Jadi begini yang ingin saya tuliskan malam ini adalah tentang cara kita menilai orang lain. Sikap seseorang yang begini, begitu, atau seperti ini dan seperti itu seharusnya tidak menjadikan kita mengambil kesimpulan sendiri, lebih-lebih kalau kita tidak akrab, hanya tahu info singkatnya, bahkan tidak kenal sama sekali. Be wise-lah dalam menilai orang. Saya pernah nih, pasang status di facebook tentang PKS (Partai Keadilan Sejahtera), salah satu partai yang saya kagumi solidaritas kader dan pergerakannya yang rapi. Nah gara-gara status facebook saya itu beberapa orang mencap bahwa saya adalah kader PKS. ckckckckck --___--a memprihatinkan sekali, dan gak abang-abang lambe malah ada yang langsung frontal, kamu kan orang PKS ? halooo... demi apa coba nge-judge begitu ? hihihihihihi...
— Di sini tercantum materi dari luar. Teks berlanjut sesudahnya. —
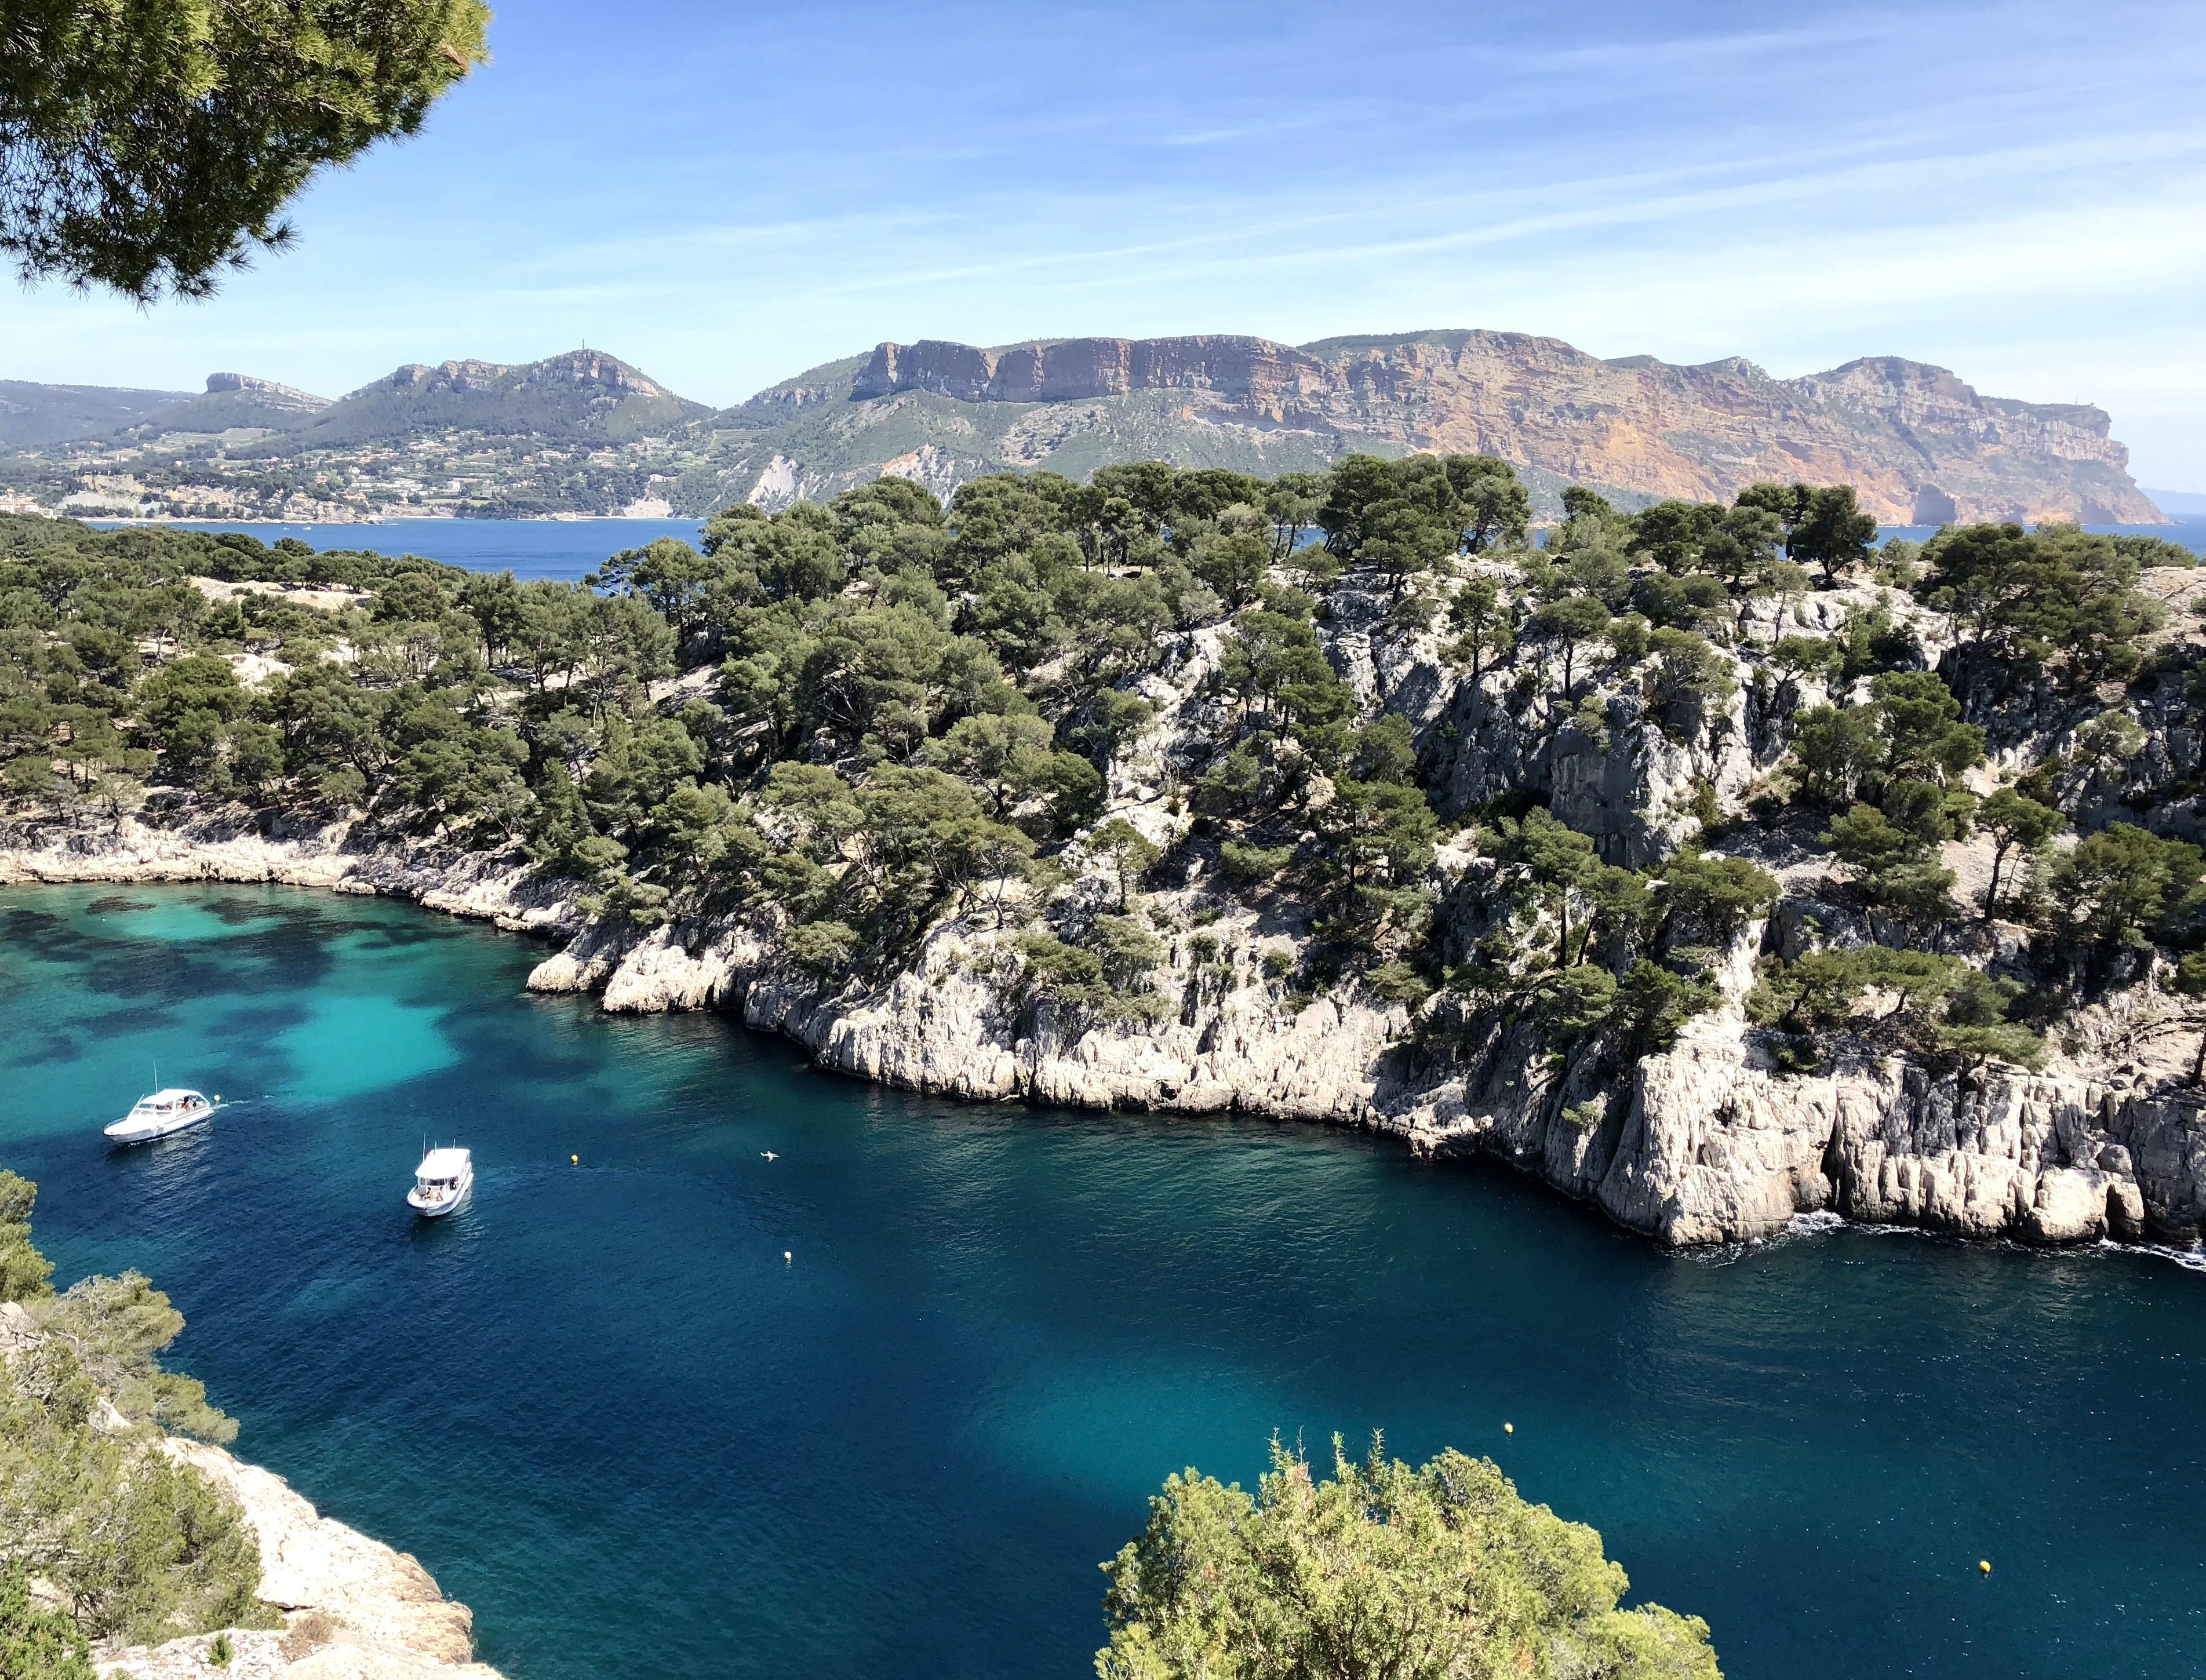 Visiter La calanque de Port-Miou, Provence - A faire, à voir à La calanque  de Port-Miou - Les Covoyageurs

Memangnya kalau saya kagum pada PKS saya orang PKS ? kalau saya gak suka dengan kader NU yang money oriented berarti saya akan meninggalkan tradisi kultur NU ? Atau kalau saya sering sholat di masjid yang mayoritas jamaahnya berorganisasi Muhammadiyah berarti saya pengurus Muhammadiyah ? halooo... Mari bijak dalam menilai orang lain, sudah sering kita dengar dan baca 'don't judge the book by its cover' , tapi ternyata masih banyak orang di negeri ini yang mungkin belum pernah membaca tulisan itu, akhirnya mereka menilai dan melihat orang lain dari kulitnya saja.
Mari kita belajar dari parikan fenomenal yang dimiliki peradaban tertua di dunia ini, Jawa.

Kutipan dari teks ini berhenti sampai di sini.